= DATA EXTRACT =

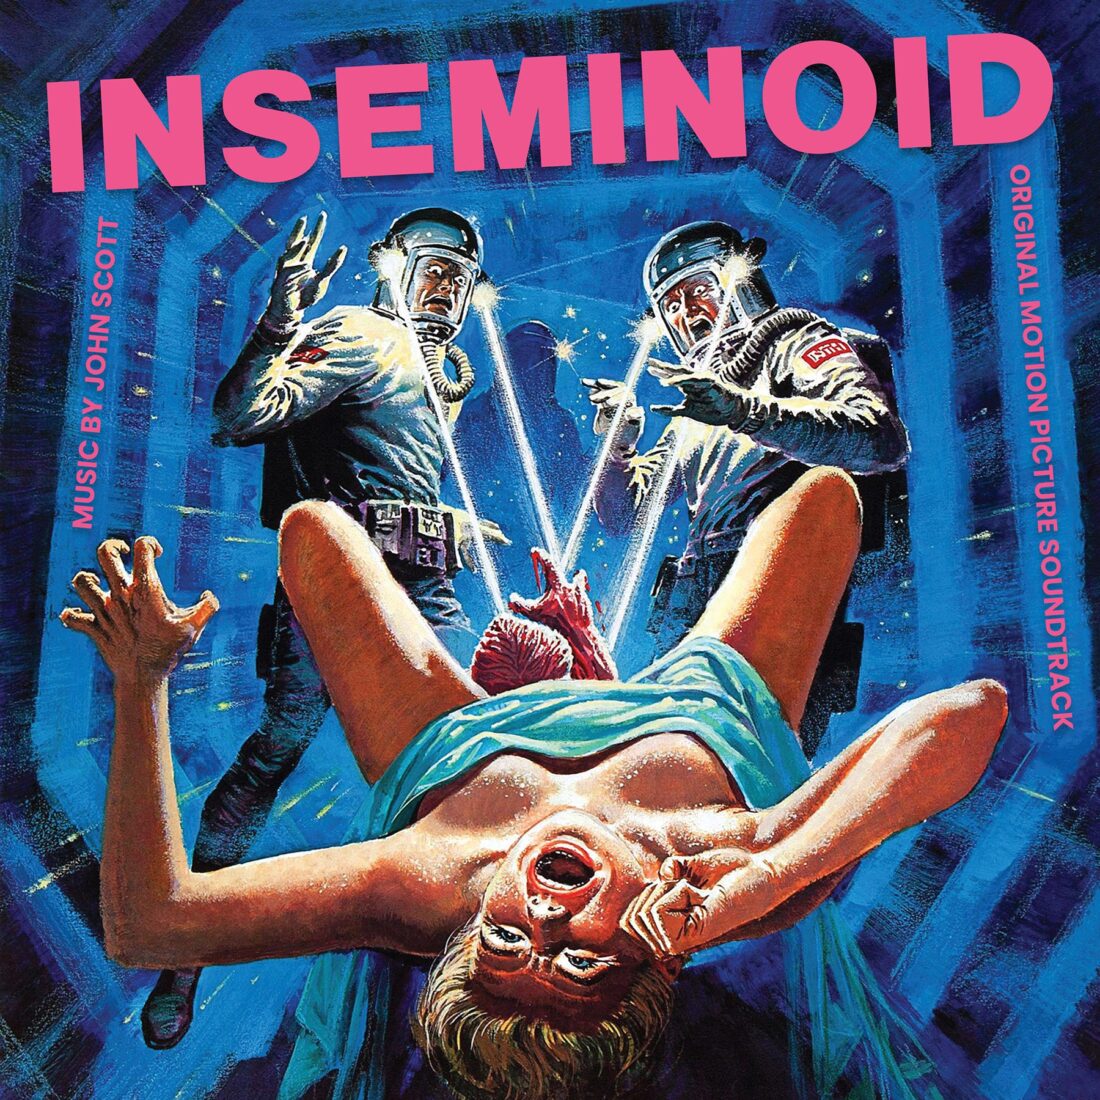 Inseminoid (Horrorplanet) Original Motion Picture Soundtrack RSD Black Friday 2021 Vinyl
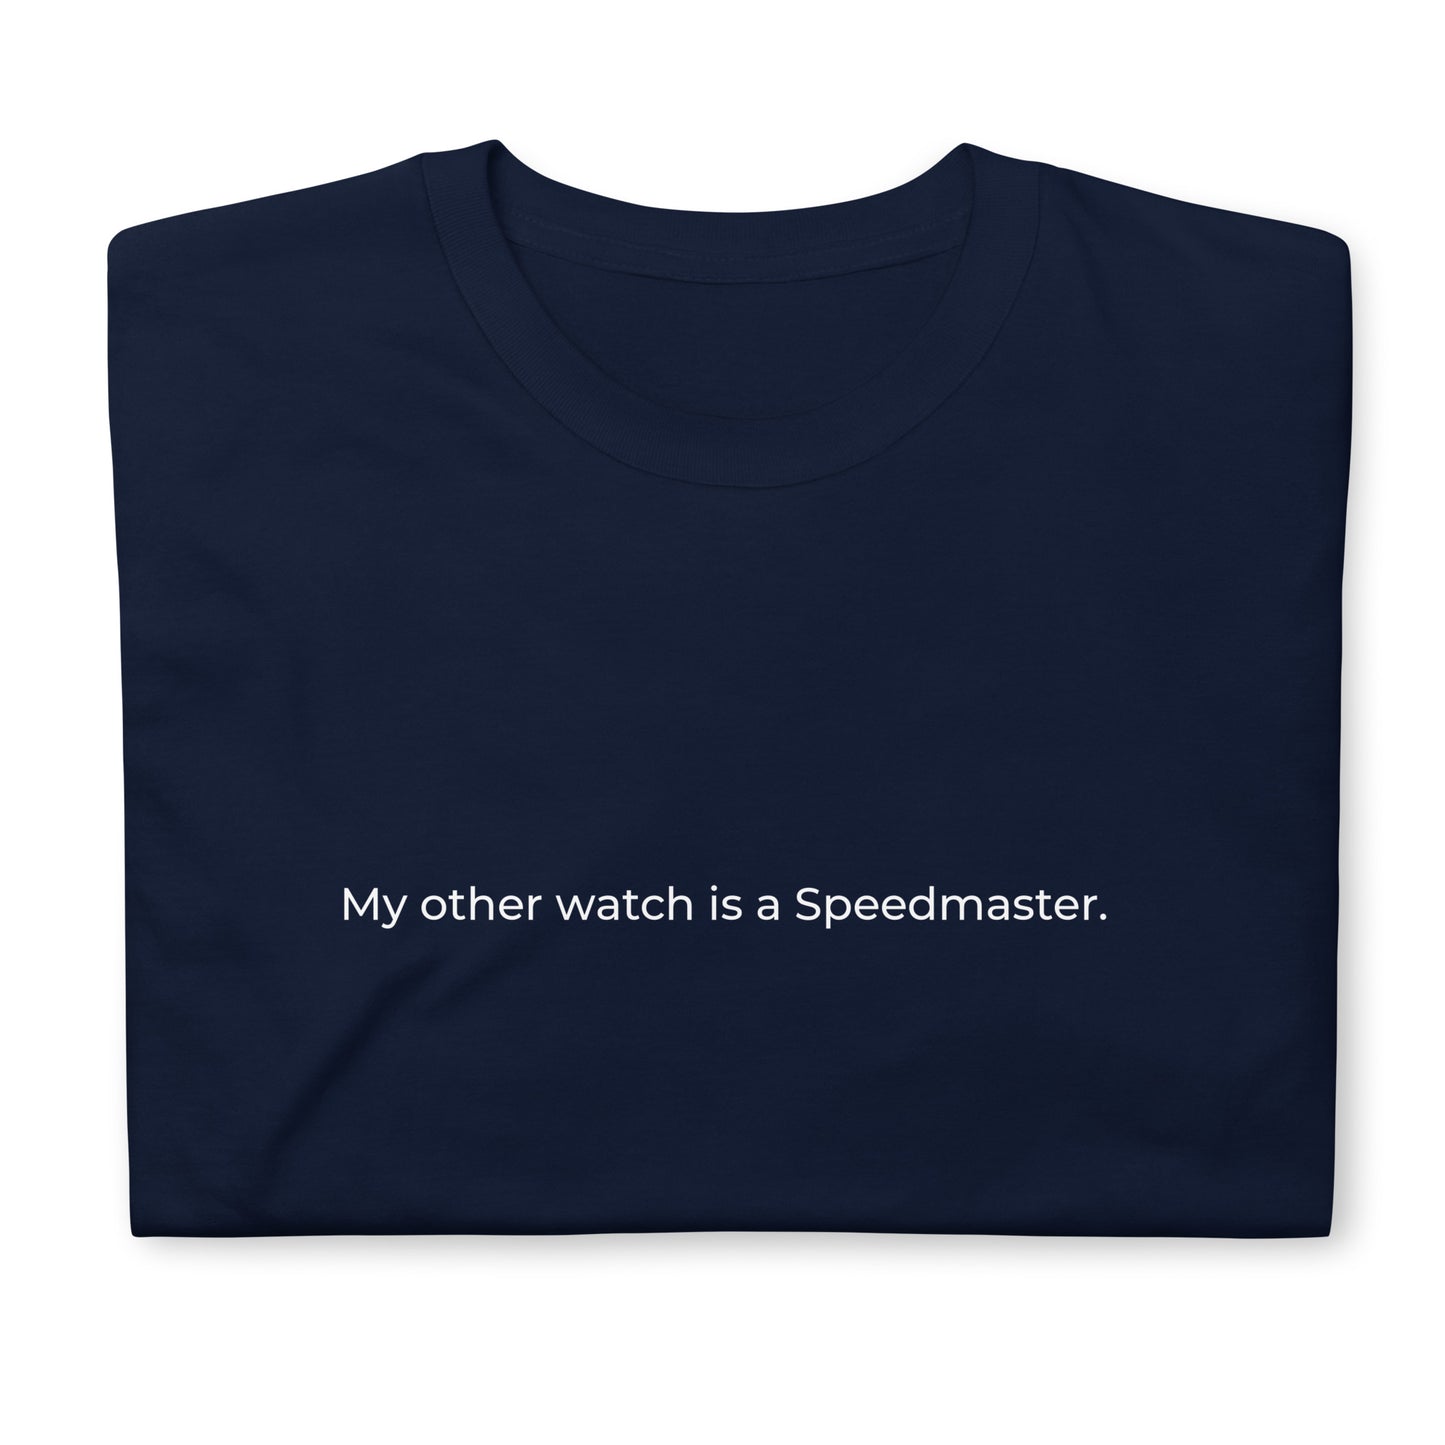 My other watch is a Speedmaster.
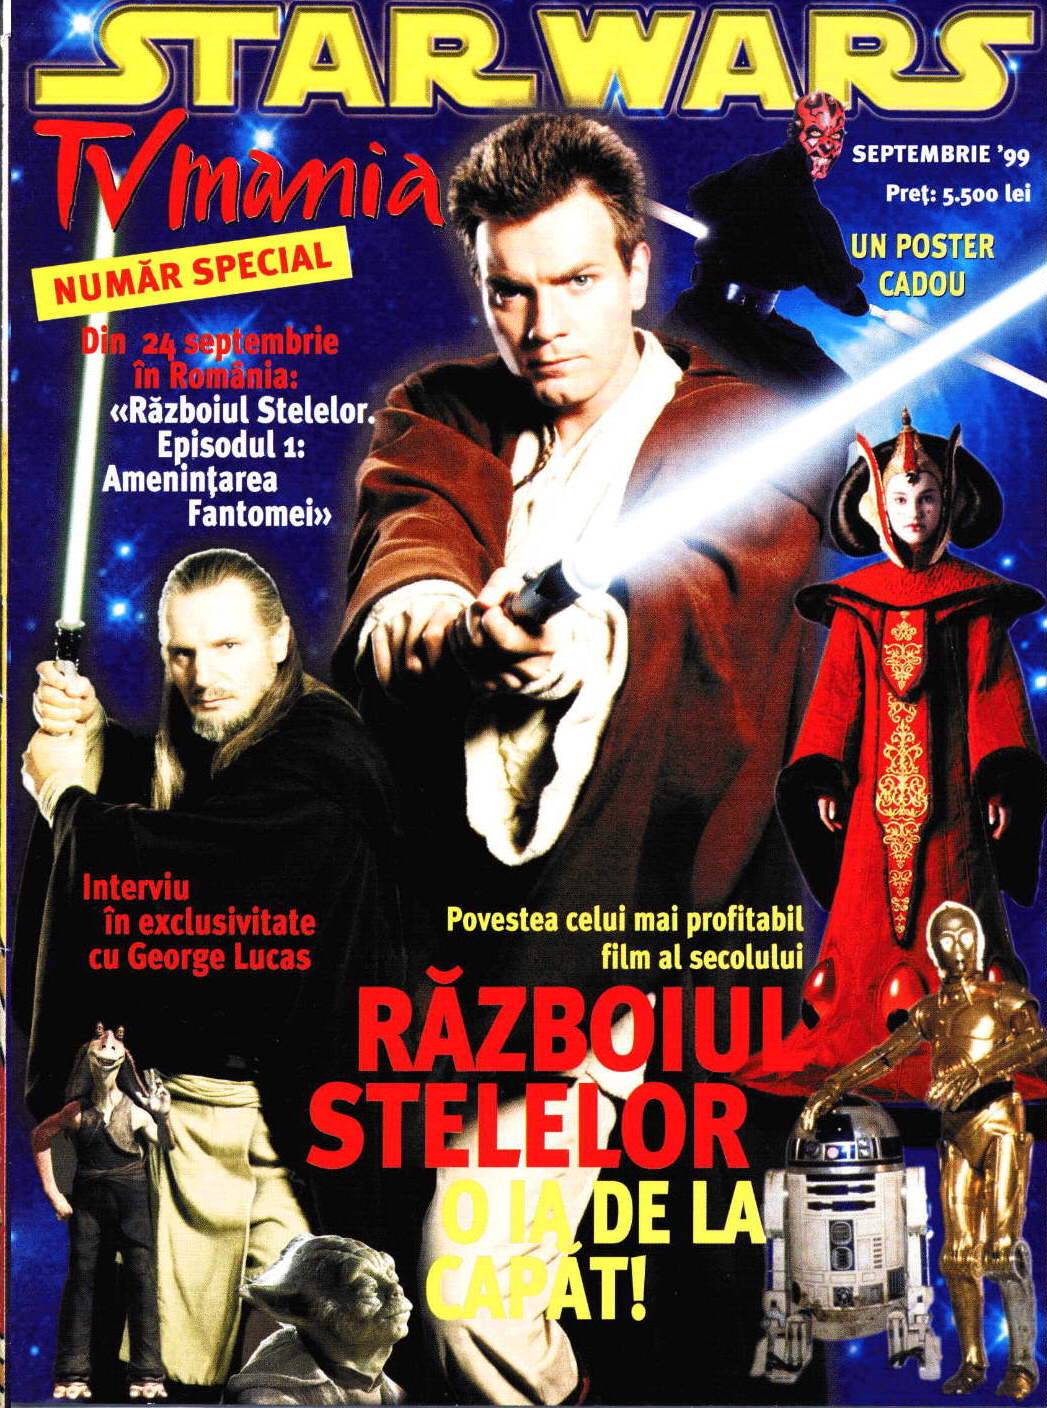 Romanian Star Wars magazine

= WHAT IS BEING ASKED =
Copy all of the data word for word, and keep the pictures out of it.

= EXERCISE RESPONSE =
 Inseminoid (Horrorplanet) Original Motion Picture Soundtrack RSD Black Friday 2021 Vinyl
 My other watch is a Speedmaster.
 Romanian Star Wars magazine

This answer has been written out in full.